- Task directions: Search the listing for the string "Sweatshirt". Copy every line that has it.
====================
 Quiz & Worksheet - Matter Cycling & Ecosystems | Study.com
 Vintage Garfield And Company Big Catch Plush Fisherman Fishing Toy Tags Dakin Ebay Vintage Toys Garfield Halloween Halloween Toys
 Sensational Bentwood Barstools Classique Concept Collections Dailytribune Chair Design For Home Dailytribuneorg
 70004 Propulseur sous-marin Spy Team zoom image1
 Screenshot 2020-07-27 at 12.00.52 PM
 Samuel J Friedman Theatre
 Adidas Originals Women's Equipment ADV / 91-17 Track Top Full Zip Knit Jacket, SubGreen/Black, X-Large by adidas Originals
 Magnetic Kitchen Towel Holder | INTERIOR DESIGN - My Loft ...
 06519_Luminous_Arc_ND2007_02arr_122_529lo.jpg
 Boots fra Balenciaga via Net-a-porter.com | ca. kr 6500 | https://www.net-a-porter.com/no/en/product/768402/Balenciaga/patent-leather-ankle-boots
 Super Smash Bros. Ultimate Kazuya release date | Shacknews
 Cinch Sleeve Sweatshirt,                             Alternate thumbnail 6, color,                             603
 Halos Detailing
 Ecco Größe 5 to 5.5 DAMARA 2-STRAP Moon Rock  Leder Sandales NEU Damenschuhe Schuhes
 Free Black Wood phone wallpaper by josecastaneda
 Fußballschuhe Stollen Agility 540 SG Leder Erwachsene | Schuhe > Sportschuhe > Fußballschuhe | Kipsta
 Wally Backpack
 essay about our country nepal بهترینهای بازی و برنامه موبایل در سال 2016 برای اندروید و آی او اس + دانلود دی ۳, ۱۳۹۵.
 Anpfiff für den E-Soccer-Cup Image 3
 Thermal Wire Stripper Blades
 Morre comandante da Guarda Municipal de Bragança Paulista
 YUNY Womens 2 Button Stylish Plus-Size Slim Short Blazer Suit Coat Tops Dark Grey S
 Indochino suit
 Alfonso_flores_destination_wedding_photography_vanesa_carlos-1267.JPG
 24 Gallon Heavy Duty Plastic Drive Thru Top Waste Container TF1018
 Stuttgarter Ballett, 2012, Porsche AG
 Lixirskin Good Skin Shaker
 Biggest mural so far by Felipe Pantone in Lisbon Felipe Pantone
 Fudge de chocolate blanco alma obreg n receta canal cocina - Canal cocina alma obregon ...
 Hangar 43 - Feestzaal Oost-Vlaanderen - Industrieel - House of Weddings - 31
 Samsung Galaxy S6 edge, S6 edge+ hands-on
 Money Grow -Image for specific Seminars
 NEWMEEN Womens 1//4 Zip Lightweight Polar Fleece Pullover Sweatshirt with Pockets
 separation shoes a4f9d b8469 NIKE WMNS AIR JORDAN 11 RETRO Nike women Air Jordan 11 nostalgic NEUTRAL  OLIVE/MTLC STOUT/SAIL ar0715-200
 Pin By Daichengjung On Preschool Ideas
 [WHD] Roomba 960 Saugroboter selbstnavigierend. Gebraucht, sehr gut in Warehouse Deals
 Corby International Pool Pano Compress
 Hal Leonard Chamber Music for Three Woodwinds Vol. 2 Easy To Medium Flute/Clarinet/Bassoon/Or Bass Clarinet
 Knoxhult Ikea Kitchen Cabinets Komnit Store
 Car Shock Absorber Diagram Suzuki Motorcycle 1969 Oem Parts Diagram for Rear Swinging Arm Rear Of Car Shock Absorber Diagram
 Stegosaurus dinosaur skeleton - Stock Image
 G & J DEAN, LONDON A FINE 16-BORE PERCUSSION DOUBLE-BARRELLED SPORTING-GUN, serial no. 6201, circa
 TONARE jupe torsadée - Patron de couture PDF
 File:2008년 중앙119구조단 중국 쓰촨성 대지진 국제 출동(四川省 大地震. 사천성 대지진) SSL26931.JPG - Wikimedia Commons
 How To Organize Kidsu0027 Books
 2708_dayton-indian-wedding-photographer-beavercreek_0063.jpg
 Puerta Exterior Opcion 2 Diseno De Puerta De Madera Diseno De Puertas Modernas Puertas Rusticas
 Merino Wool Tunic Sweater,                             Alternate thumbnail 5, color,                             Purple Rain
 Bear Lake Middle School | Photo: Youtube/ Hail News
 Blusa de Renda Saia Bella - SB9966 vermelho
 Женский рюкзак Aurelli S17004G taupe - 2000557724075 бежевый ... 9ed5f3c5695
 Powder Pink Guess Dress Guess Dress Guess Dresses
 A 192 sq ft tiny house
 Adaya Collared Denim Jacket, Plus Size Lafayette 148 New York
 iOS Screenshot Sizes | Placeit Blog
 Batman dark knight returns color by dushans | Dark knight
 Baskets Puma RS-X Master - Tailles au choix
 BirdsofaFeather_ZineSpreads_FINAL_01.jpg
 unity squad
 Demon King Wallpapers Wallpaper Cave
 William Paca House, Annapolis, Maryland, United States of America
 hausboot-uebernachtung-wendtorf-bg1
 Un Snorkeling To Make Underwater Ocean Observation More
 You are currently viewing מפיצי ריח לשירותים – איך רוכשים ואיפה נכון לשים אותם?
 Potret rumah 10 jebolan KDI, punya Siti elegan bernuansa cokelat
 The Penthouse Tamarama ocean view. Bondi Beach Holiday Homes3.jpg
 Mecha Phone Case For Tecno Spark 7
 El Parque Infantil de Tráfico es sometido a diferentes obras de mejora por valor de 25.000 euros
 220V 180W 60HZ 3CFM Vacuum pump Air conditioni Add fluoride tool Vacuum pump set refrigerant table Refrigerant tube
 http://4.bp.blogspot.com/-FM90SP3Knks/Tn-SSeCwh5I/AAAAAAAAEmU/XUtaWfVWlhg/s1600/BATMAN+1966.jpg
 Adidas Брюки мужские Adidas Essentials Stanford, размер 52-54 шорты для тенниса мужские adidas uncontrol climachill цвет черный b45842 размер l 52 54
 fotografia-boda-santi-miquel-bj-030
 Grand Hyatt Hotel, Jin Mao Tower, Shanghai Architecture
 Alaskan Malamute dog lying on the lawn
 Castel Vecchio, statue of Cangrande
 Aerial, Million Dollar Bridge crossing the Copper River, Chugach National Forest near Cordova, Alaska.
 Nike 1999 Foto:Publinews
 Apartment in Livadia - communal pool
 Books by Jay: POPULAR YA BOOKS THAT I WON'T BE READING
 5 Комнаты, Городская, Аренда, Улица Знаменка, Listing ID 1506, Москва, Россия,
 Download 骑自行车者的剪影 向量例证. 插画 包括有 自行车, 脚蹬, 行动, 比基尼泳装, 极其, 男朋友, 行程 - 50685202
====================
- Response box:
 Cinch Sleeve Sweatshirt,                             Alternate thumbnail 6, color,                             603
 NEWMEEN Womens 1//4 Zip Lightweight Polar Fleece Pullover Sweatshirt with Pockets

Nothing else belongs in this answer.